Тем же вечером, час спустя, Рикки Морьер нашёл в библиотеке Кинтию.
– Я хочу, – сказал он без обиняков, – чтобы вы отдались мне.
Кинтия удивлённо посмотрела на него:
– Зачем?
– Чтобы вы признали меня своим мужем, не юридическим, так биологическим, если можно так выразиться. Я хочу, чтобы у вас была признанная всей Землёй мотивация поделиться со мной своей природой. Со мной лично, ни с кем другим. Пока что так.
– Но почему? – вновь спросила Кинтия, искренне недоумевая.

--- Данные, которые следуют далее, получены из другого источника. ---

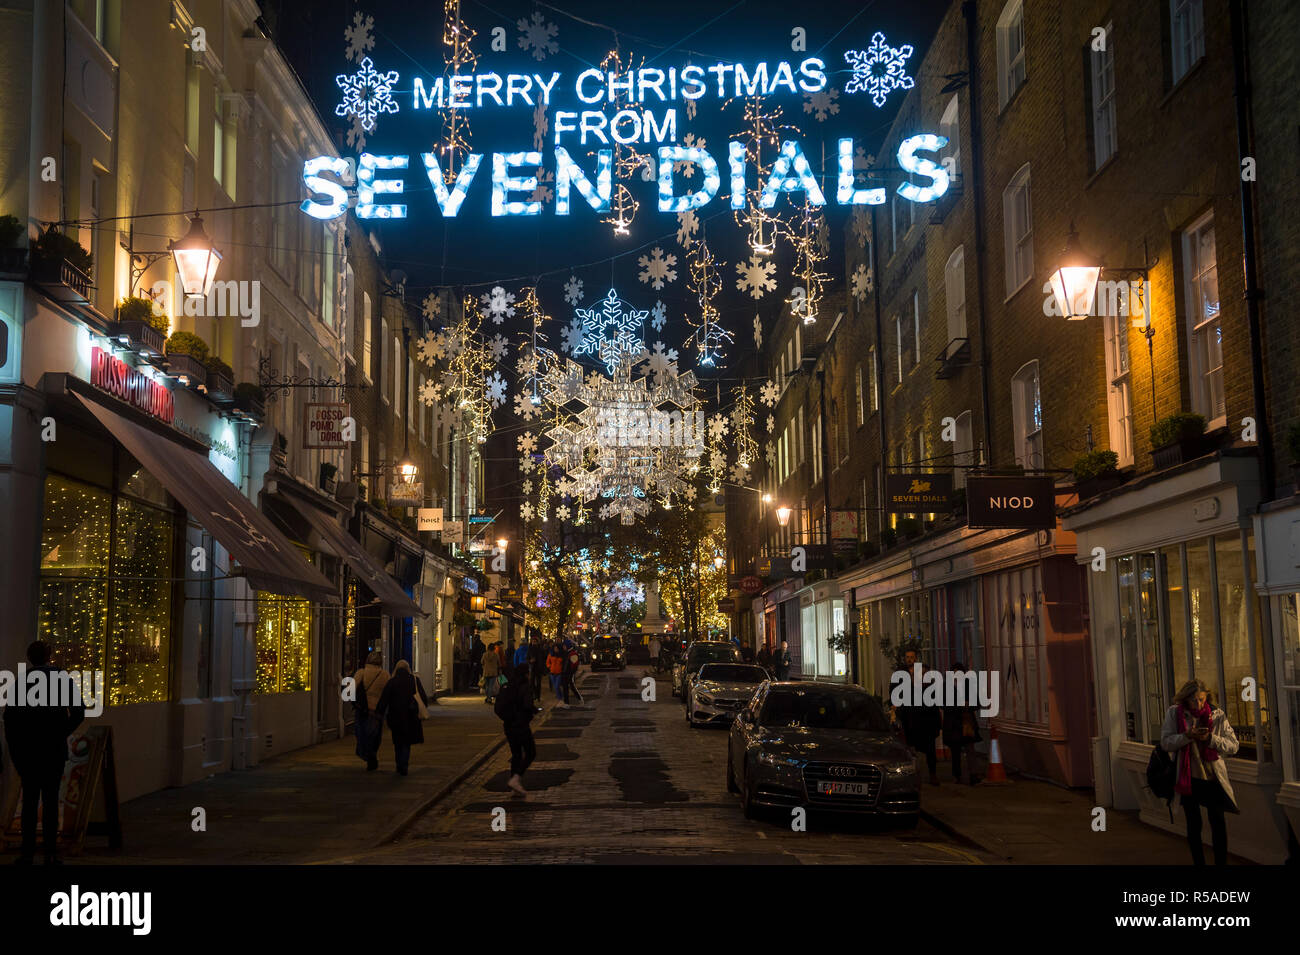 LONDON - November 26, 2018: Frohe Weihnachten von Seven Dials Nachricht hängt mit funkelnden Holiday Lights in der beliebten West End Viertel. Stockfoto

Рикард Морьер принялся рассказывать ей всё – и о карьере рядового сотрудника Астрофлота, и об аугментированных землянах, и о позиции земных женщин, и о позиции земных мужчин, и, наконец, о том, что коммунизм и звёзды – это дело ангелов, а не людей. Он, Рикки, давно уже стоял на страже небесных врат. Он был готов самостоятельно превращать людей в ангелов, чего бы это ни стоило. Но каждый ангел должен быть ужасен, и никто больше во всей Вселенной, кроме него, Рикарда Морьера, не понимает и не хочет понимать этой простейшей истины.
– Если ваш дар, – сказал Рикки Морьер, – попадёт в недостойные руки, то мир ждёт великая ловушка тирании. Землянин, средний человек, не хочет коммунизма и совершенно не жаждет звёзд. Ему гораздо интереснее карточка с повышенным потребительским статусом. А решения всех своих проблем он ожидает от некоего галактического разума, готового спуститься с небес специально ради того, чтобы подтереть землянину задницу, а всех остальных, наоборот, по заднице нашлёпать. И вы, отдав свой дар в недостойные руки, спровоцируете всю Землю на ожидание именно такого галактического разума! Со мной вы, по крайней мере, можете быть гарантированы от подобного исхода.
Кинтия глубоко задумалась.
– Нет, – сказала она наконец, – я не готова немедленно принять ваше предложение. Но я понимаю свой долг перед отцовской цивилизацией. Даю вам слово: если я должна буду передать кому-нибудь здесь, в Солнечной Системе, свою природу, первым на этом пути будете вы. Или, возможно, кто-то из ваших товарищей, но никто другой. И поверьте мне на слово – я никогда этого не делала, но мне думается, что половое соитие для этой цели абсолютно необязательно.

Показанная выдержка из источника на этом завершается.